James Earl Jones' stage role ties to Poughkeepsie
But of all the roles he has played as a professional actor, the one Jones holds dearest is Lennie from "Of Mice and Men," in which he appeared on Broadway — this, Jones said, relates back to his stutter — "roles that are of inarticulate men, because I consider myself one of them."
But the role Jones assumed as a decades-long Dutchess County resident seems to have given him as much satisfaction as anything that brought him beneath the stage lights or thurst him onto movie screens.
Jones maintained a particularly close relationship with Poughkeepsie Day School, which his son, Flynn, attended from 1994-2001.
During Flynn’s first year as a student, Jones did a reading during a Poughkeepsie Day School fundraiser at the Bardavon 1869 Opera House in Poughkeepsie.

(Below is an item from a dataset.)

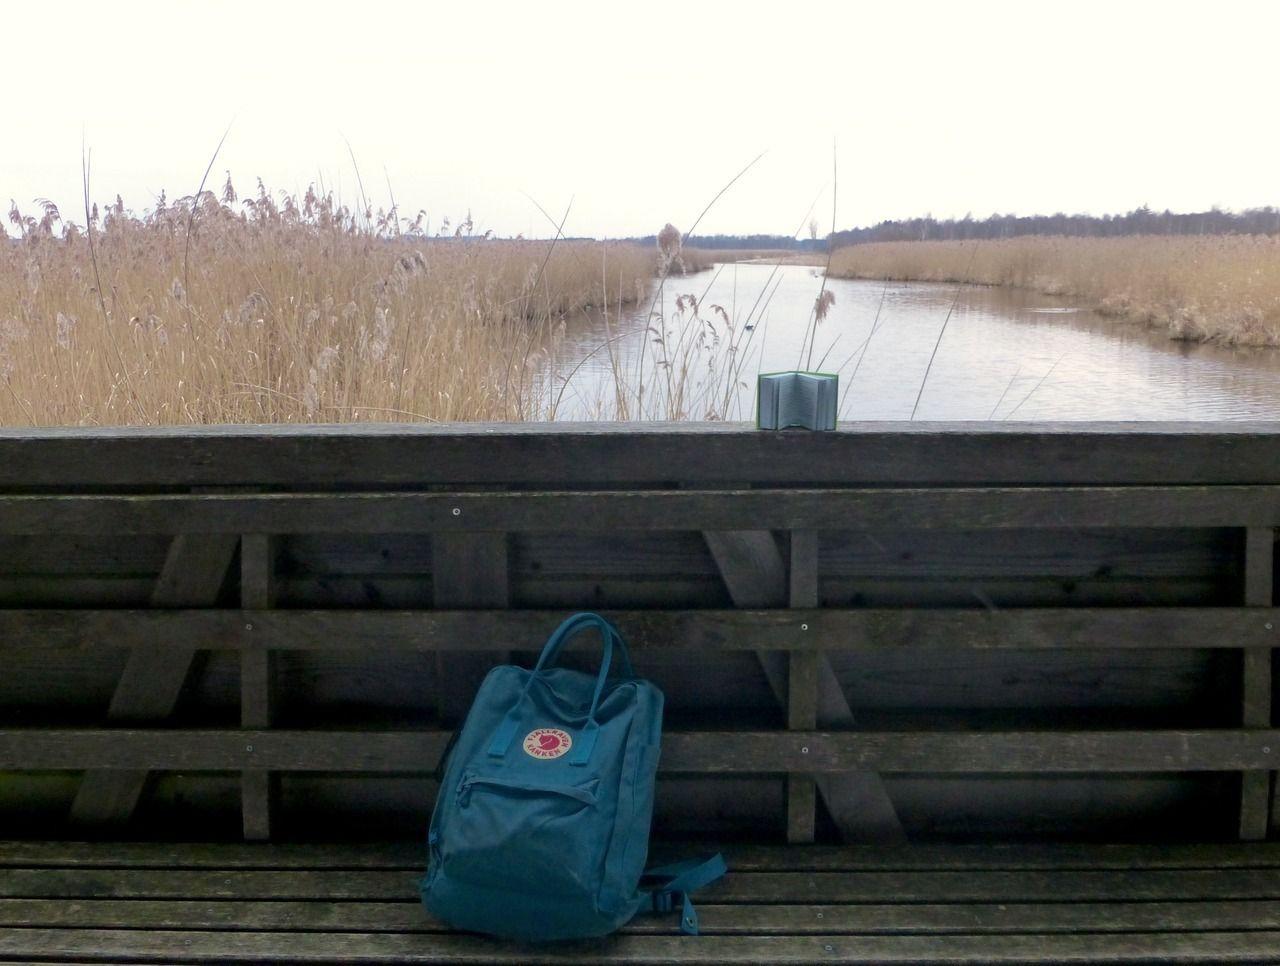 Great spot for a book-break - #backpaker #bench #bok #book #booklr #break #buch #Federsee #fjällräven #heritage #kånken #lake #landscape #leggere #lesen #lire #livre #pause #pretty #rucksack #schön #site #sjö #world

In 1998, Jones again appeared on the Bardavon stage during a benefit for the school, this time with actress Mary Tyler Moore, at the time a Town of Washington resident, for a benefit reading of A. R. Gurney's Pulitzer Prize-winning play "Love Letters."
Jones and his wife, Cecilia, were big supporters of the school, and pulled together ensembles of actors for multiple performances on the school's campus, according to Sandra Moore, former admissions director at Poughkeepsie Day School.

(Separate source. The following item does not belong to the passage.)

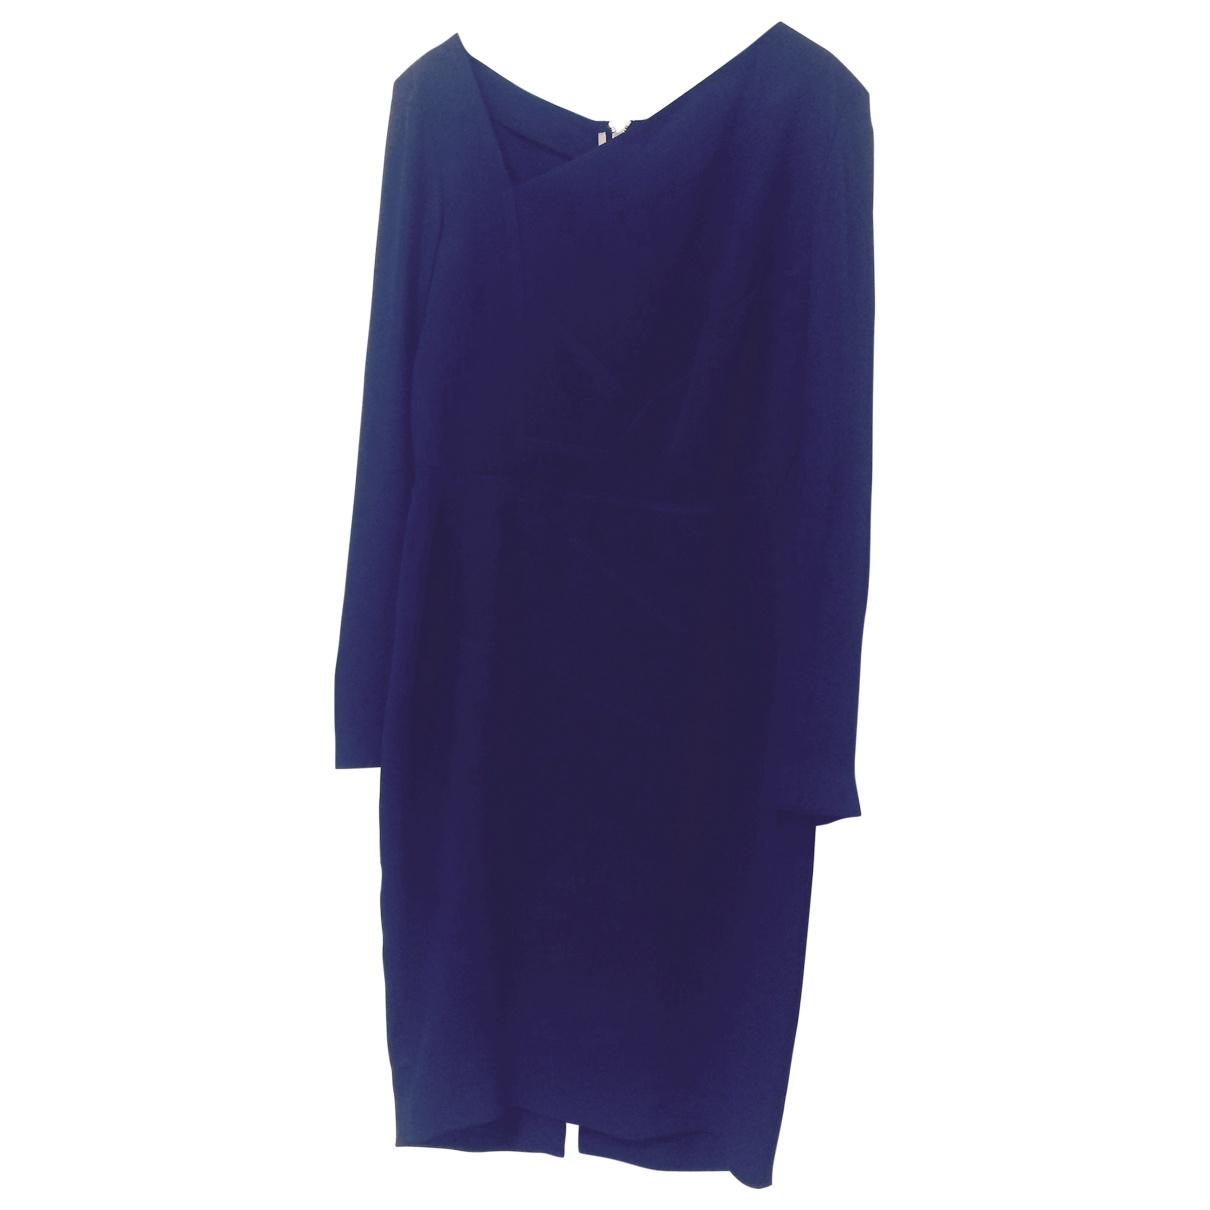 Roland Mouret \N Kleid in  Lila Synthetik

These performances included scenes from "Of Mice and Men" in 1999, which featured Jones and his fellow Dutchess resident David Strathairn; and "Driving Miss Daisy" with Jane Alexander in 2000. In 2001, Jones appeared in a benefit production of "Cat on a Hot Tin Roof" with Alexander and the late Natasha Richardson, who lived in Dutchess.
In January 2000, the school's auditorium underwent a refurbishment and was named the James Earl Jones Theater in his honor.
"James Earl and Ceci Jones are beloved members of the Poughkeepsie Day School family," Moore told the Journal in 2012. "From the moment they stepped on campus as 'new' parents, they have been warm and caring contributors to the school community. Everything they've done - in the classroom, on stage and behind the scenes - reflects their gracious, generous spirit. All of us at PDS are truly grateful to them."
Jones and Bill Davis from the Town of Poughkeepsie both volunteered their time to help the organization Christmas in April, now called Rebuilding Together Dutchess County, refurbish homes in Pawling. And Davis was president of the board of the Catharine Street Community Center in Poughkeepsie in 1996, when Jones read Martin Luther King Jr.'s "I Have A Dream" speech at the organization's annual breakfast held in honor of the slain civil rights leader.
"His name alone drew a lot of people," Davis told the Journal in 2012. "We were very, very pleased that he opted to come, because he is a community-minded person."
Jones also participated three times in the Bardavon 1869 Opera House’s Young Playwrights Festival. He allowed the prospective playwrights to direct him and he shared his perspective on numerous topics, including voice-overs and scripts.
"He was always very giving, with his knowledge and with his time and, obviously, with his ability," Bardavon Executive Director Chris Silva said. "It was just thrilling for the kids."
Jones in 2012 expressed surprise, framed by humility, when told by the Journal that he was held in high regard for his community involvement.
"A lot of people who are well-known probably go up there just for the privacy," Jones said of Dutchess. "I don't think I can do that. My wife's got to go shopping there. She enjoys going shopping there." He added, "She enjoys having an account at McKinney & Doyle's," referring to McKinney & Doyle's Fine Foods Cafe in Pawling.
Jones seemed especially proud to call Dutchess his home when he spoke about his son and the education he received at Poughkeepsie Day School, where he was enrolled after the family tried schools in Los Angeles and New York City.
"We wanted a community,” Jones said of his son, “he could thrive in.”